**Your goal**
Repeat only the lines below from the one containing "Raritan Stamps Auction" through the one containing "book review of titanic movie", inclusive, exactly as written.

___ Material for this task ___

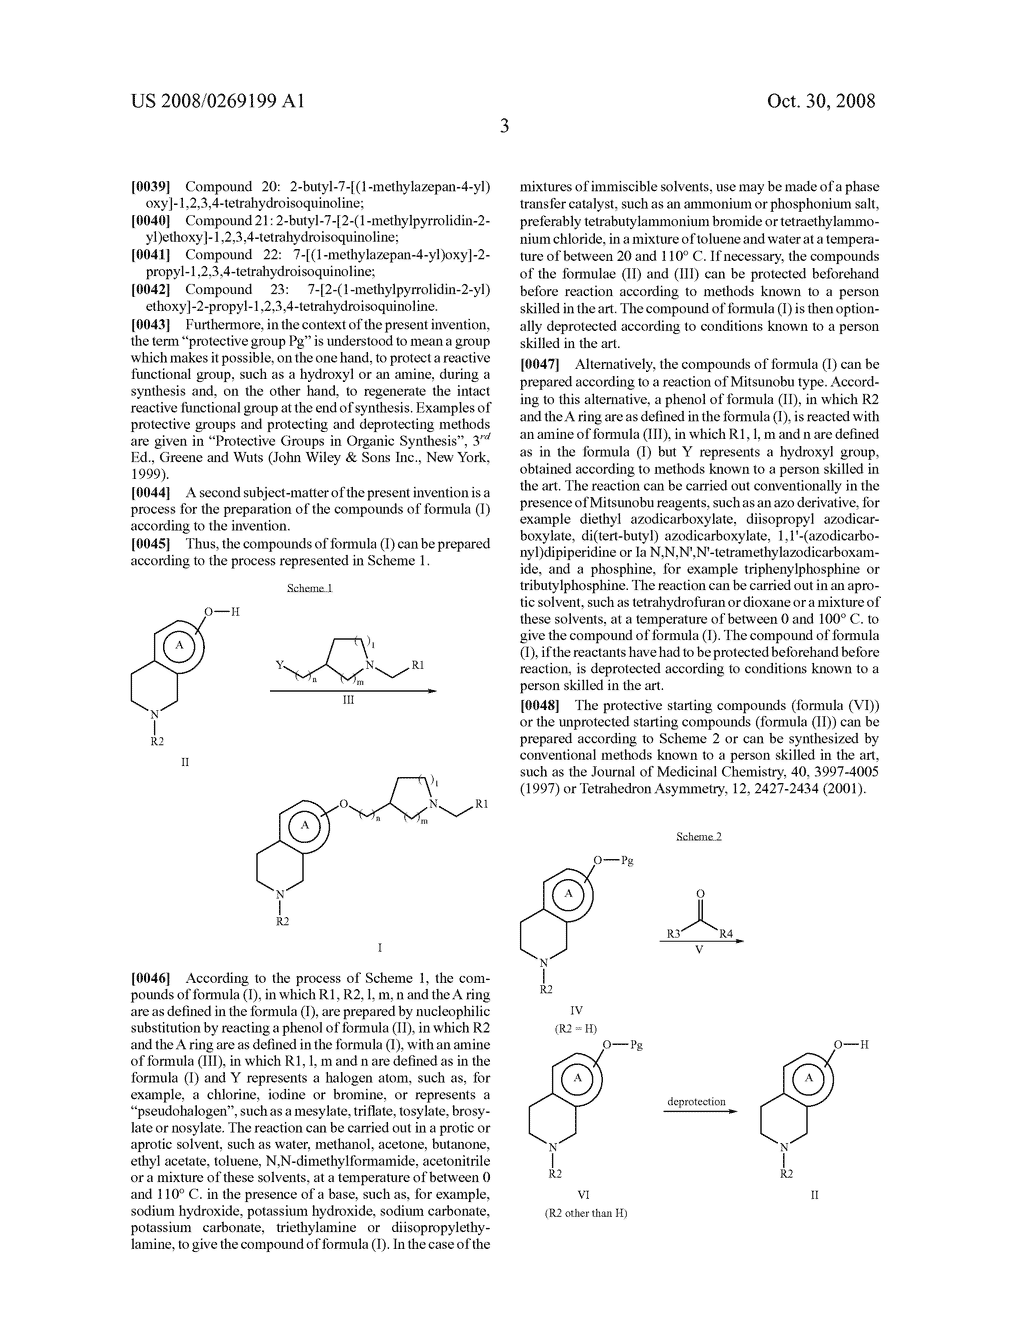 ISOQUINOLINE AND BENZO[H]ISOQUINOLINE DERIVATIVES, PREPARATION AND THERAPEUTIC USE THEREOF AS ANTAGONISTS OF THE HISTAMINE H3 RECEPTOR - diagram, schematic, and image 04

___
___ Material for this task ___

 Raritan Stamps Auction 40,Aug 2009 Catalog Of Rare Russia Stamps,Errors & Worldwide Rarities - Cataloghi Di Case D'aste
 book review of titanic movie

___
___ Material for this task ___

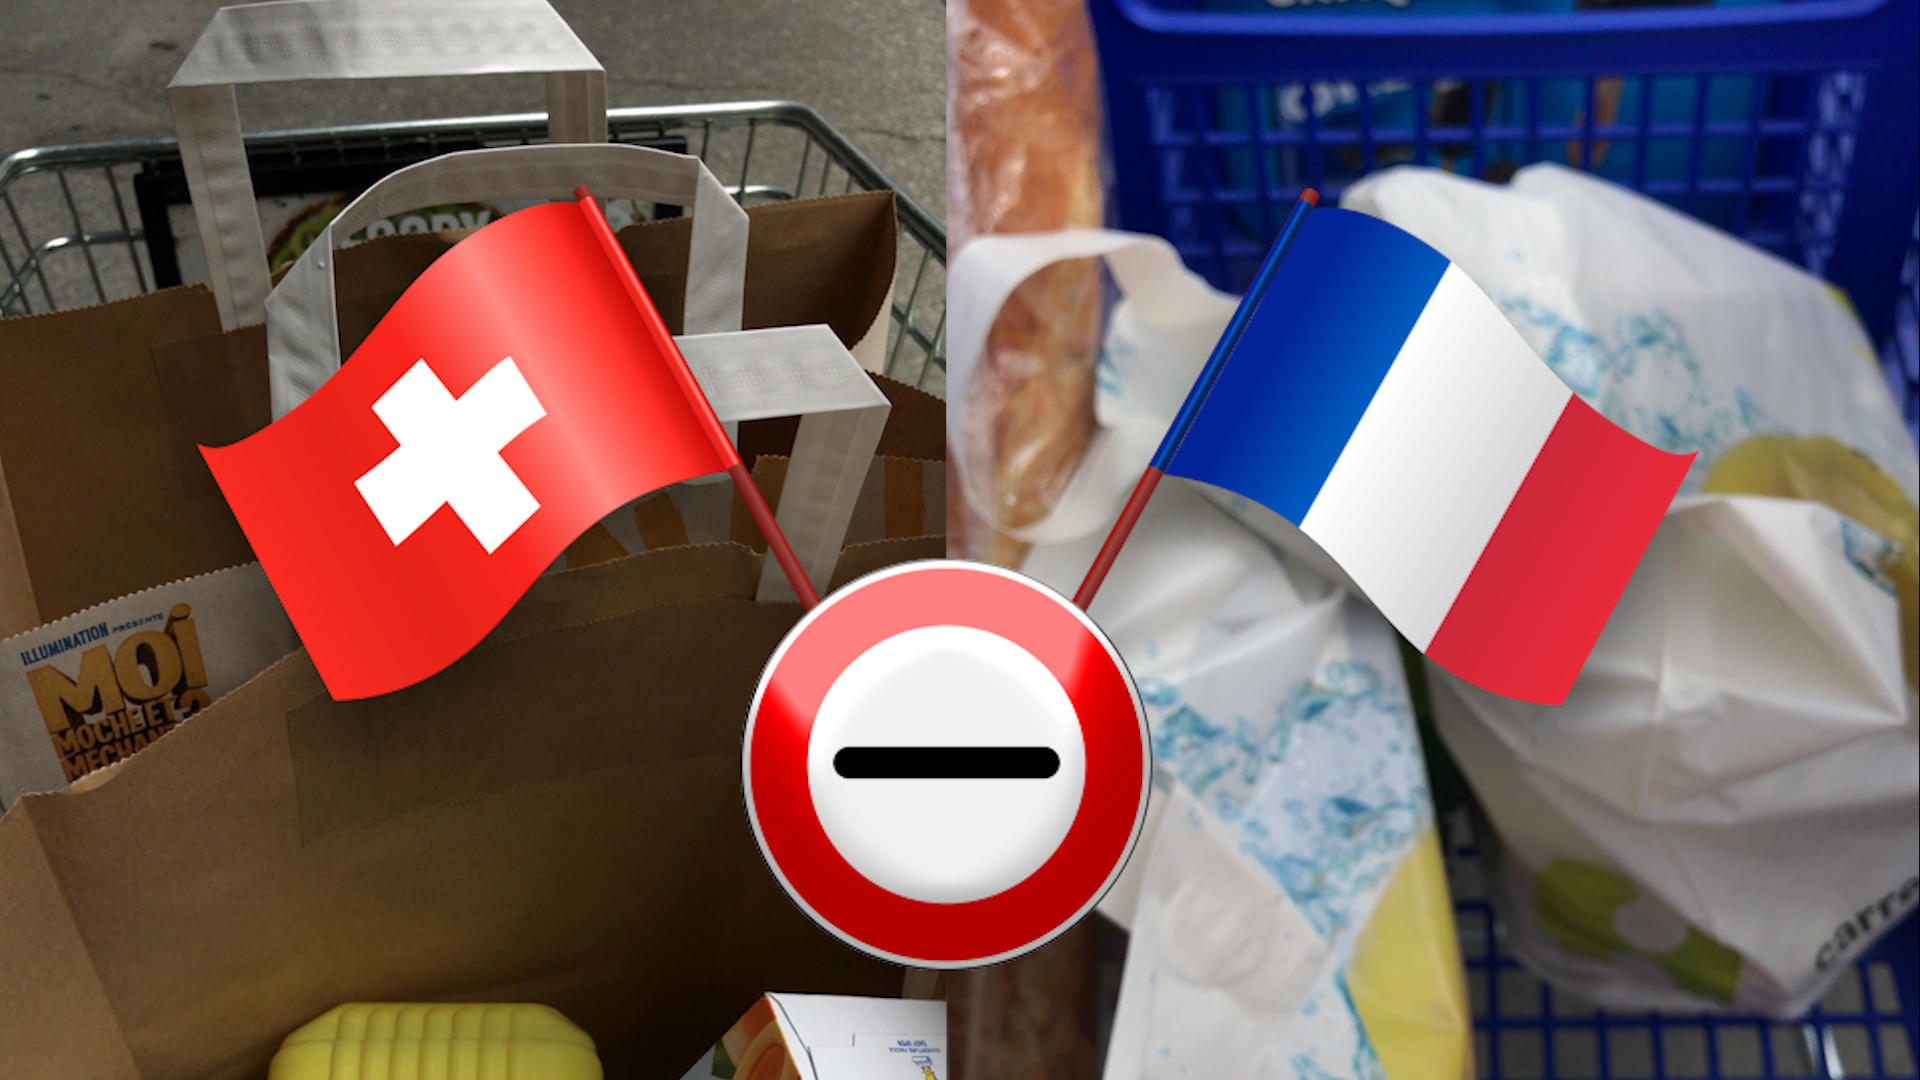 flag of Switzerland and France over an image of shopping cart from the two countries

___

**Answer to the problem**
 Raritan Stamps Auction 40,Aug 2009 Catalog Of Rare Russia Stamps,Errors & Worldwide Rarities - Cataloghi Di Case D'aste
 book review of titanic movie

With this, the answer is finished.